■ EXERCISE BRIEF ■
From the data below, set down exactly the lines between the one holding "I am excited" and the one holding "Creative Director: @heyit", inclusive, and no others.

■ GIVEN INFORMATION ■
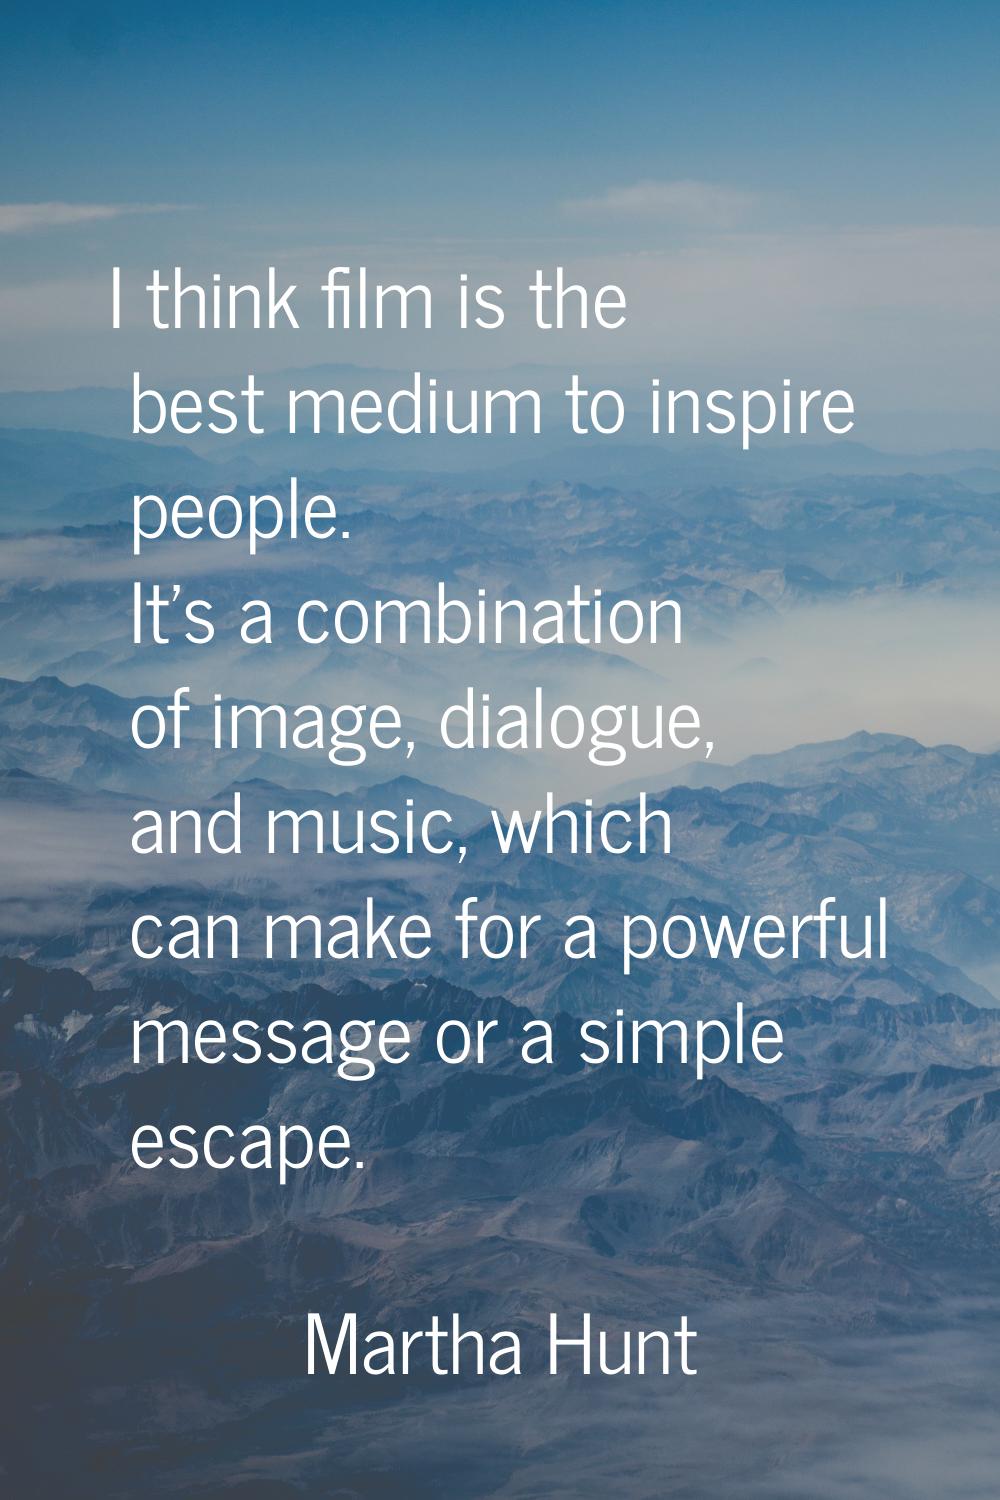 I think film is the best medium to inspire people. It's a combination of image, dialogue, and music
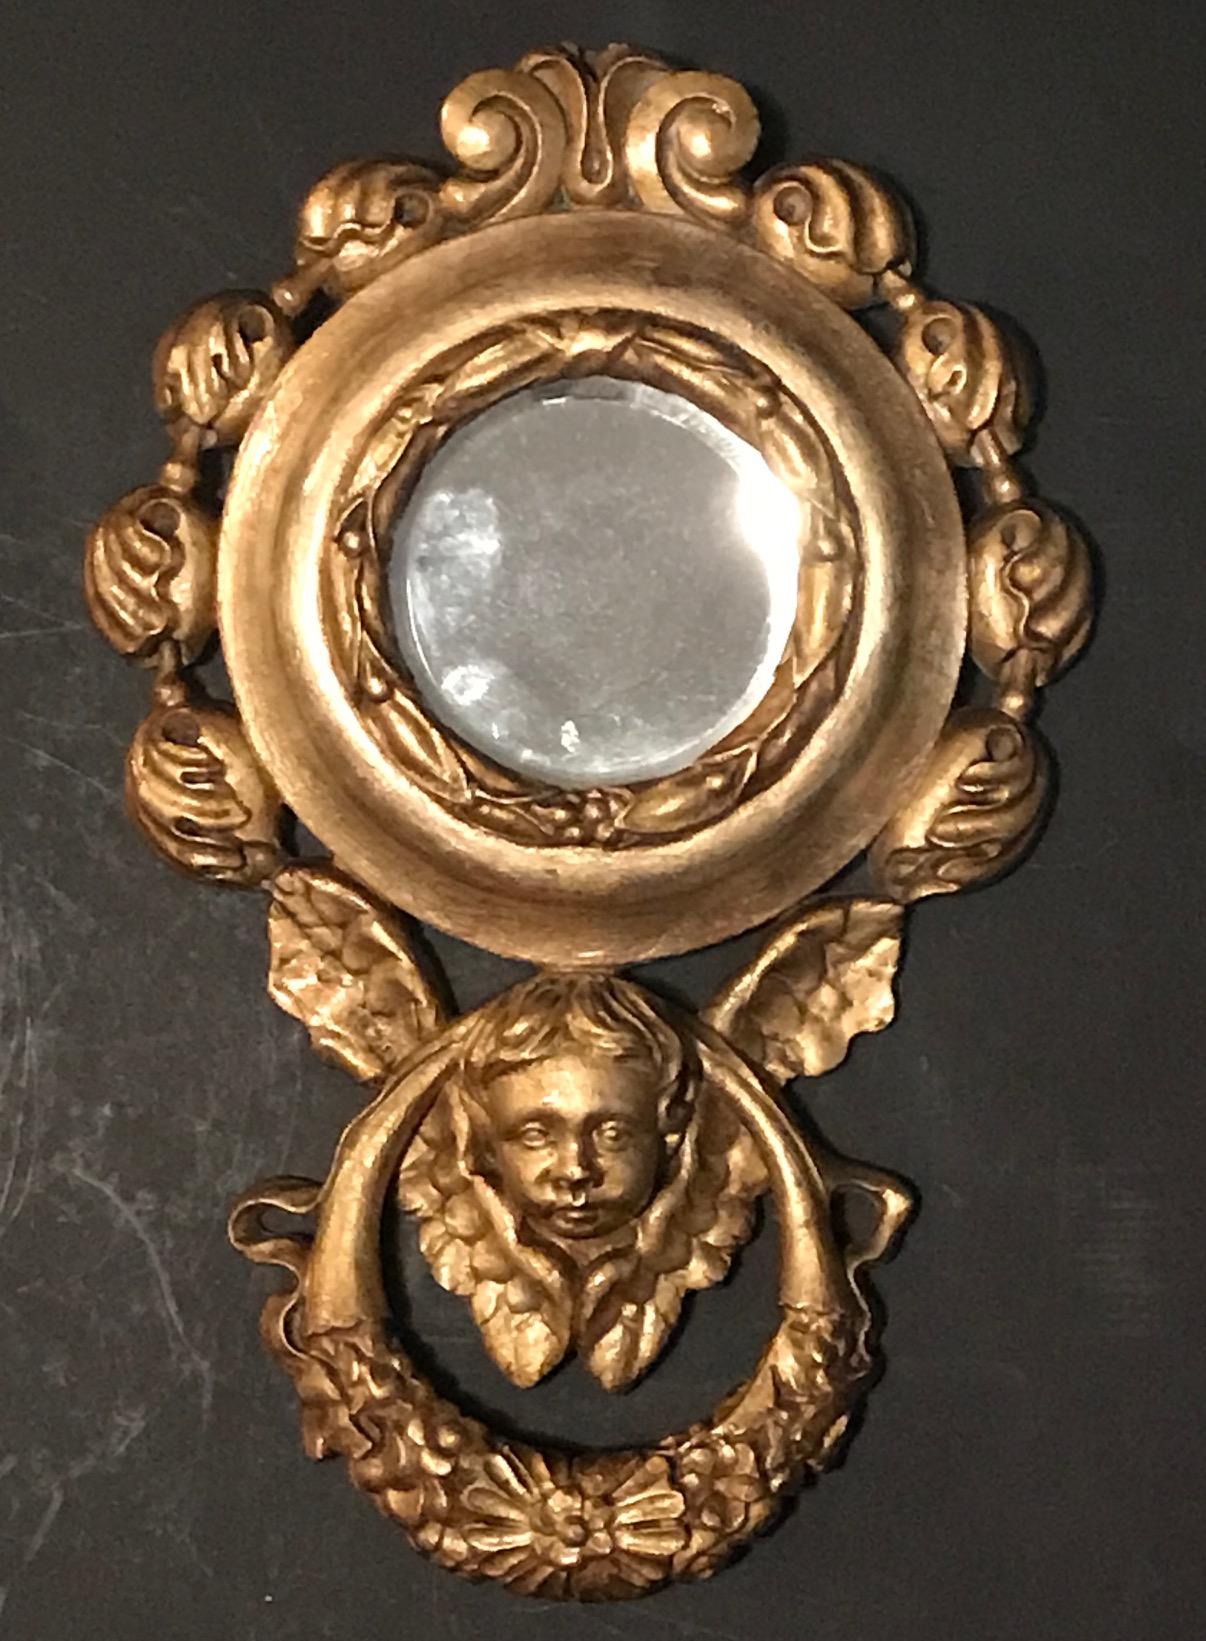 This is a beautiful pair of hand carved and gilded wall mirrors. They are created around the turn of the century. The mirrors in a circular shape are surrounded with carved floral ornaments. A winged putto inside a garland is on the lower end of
---
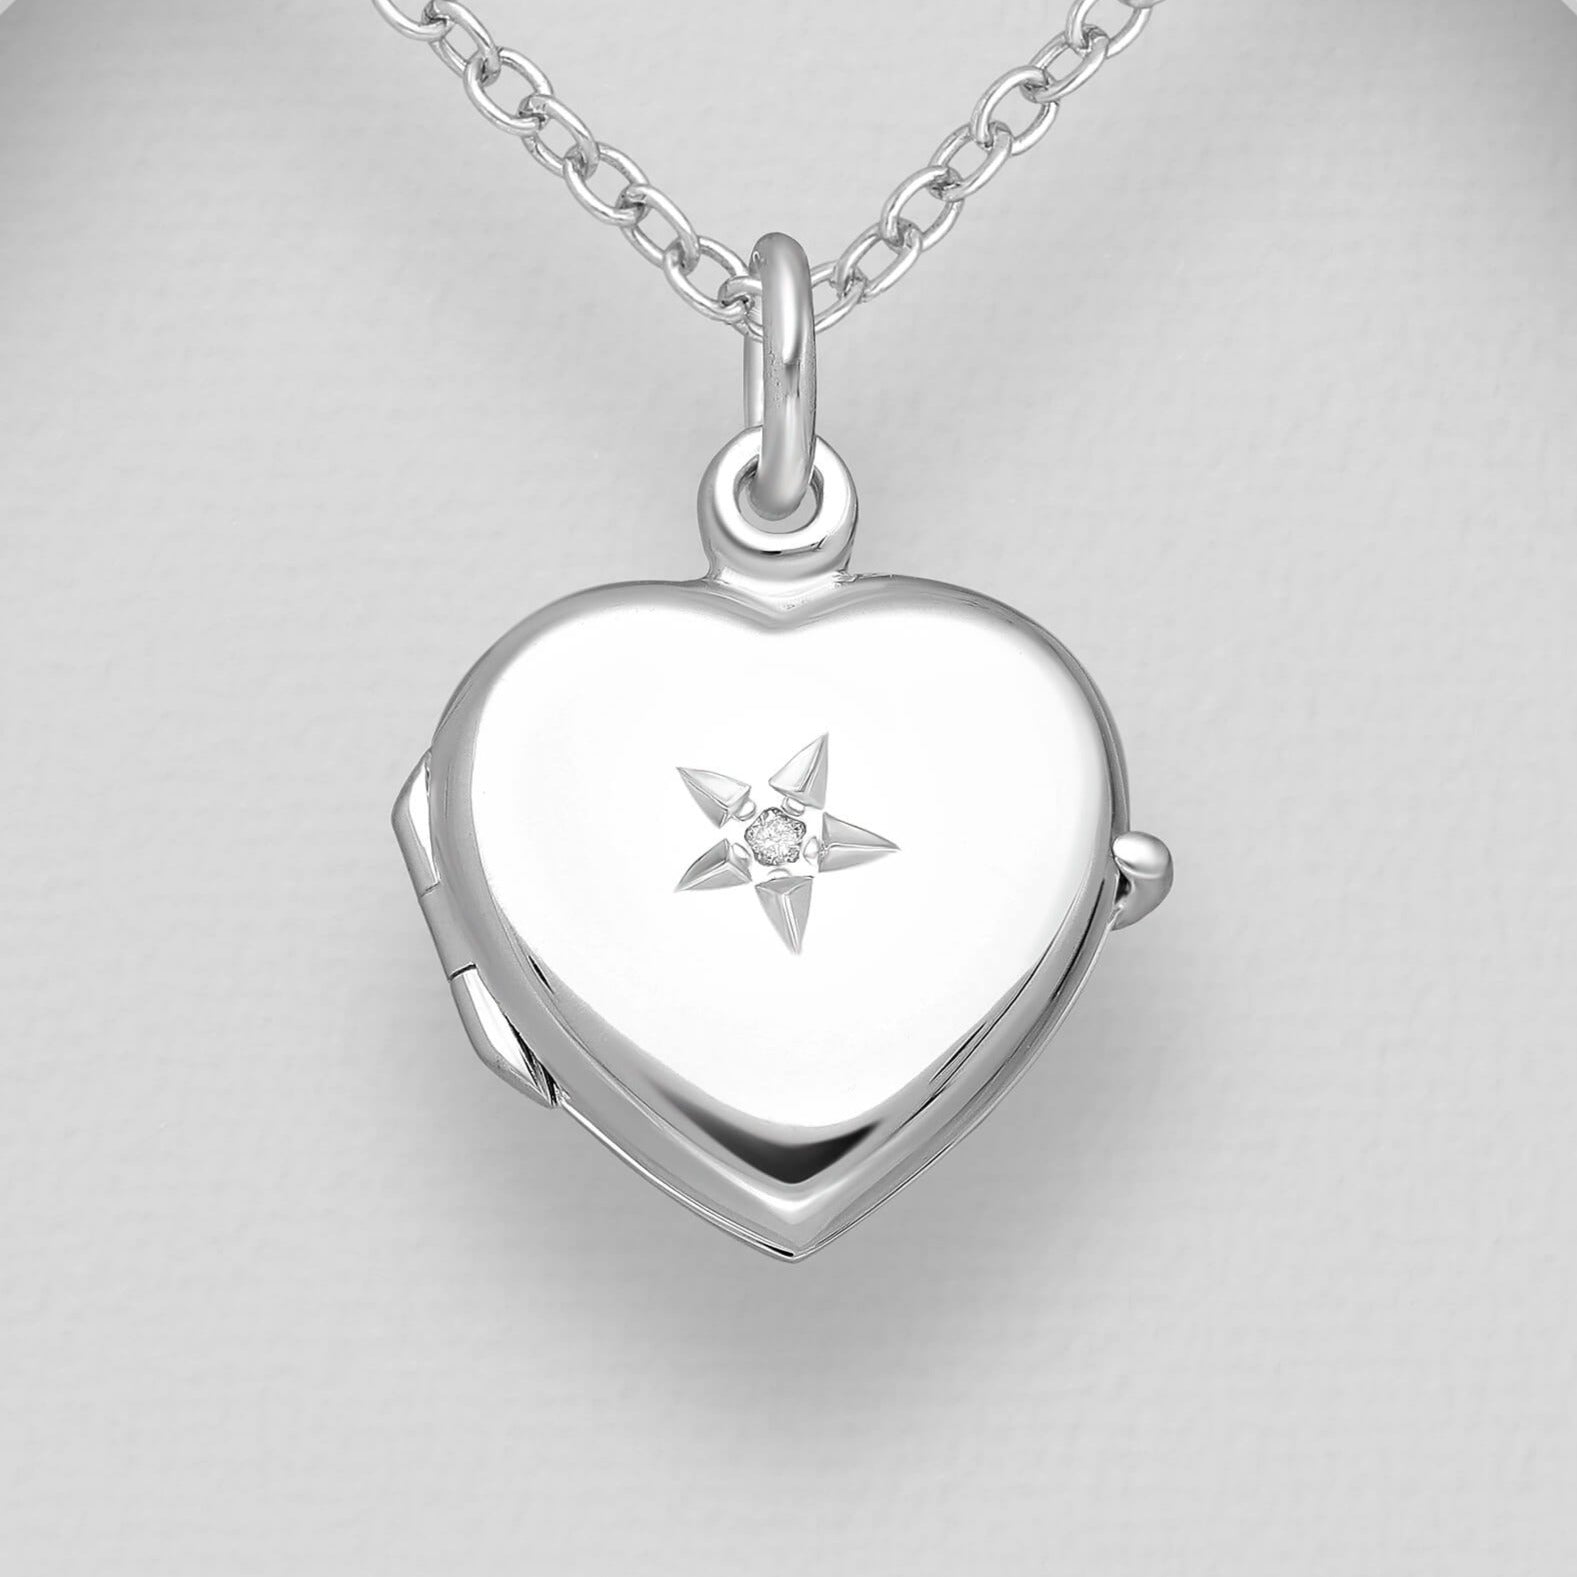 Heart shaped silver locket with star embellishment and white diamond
* * *
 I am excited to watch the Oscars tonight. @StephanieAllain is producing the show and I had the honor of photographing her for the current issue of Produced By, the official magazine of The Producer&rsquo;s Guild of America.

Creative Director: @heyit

■ SOLUTION TO THIS PROBLEM ■
 I am excited to watch the Oscars tonight. @StephanieAllain is producing the show and I had the honor of photographing her for the current issue of Produced By, the official magazine of The Producer&rsquo;s Guild of America.

Creative Director: @heyit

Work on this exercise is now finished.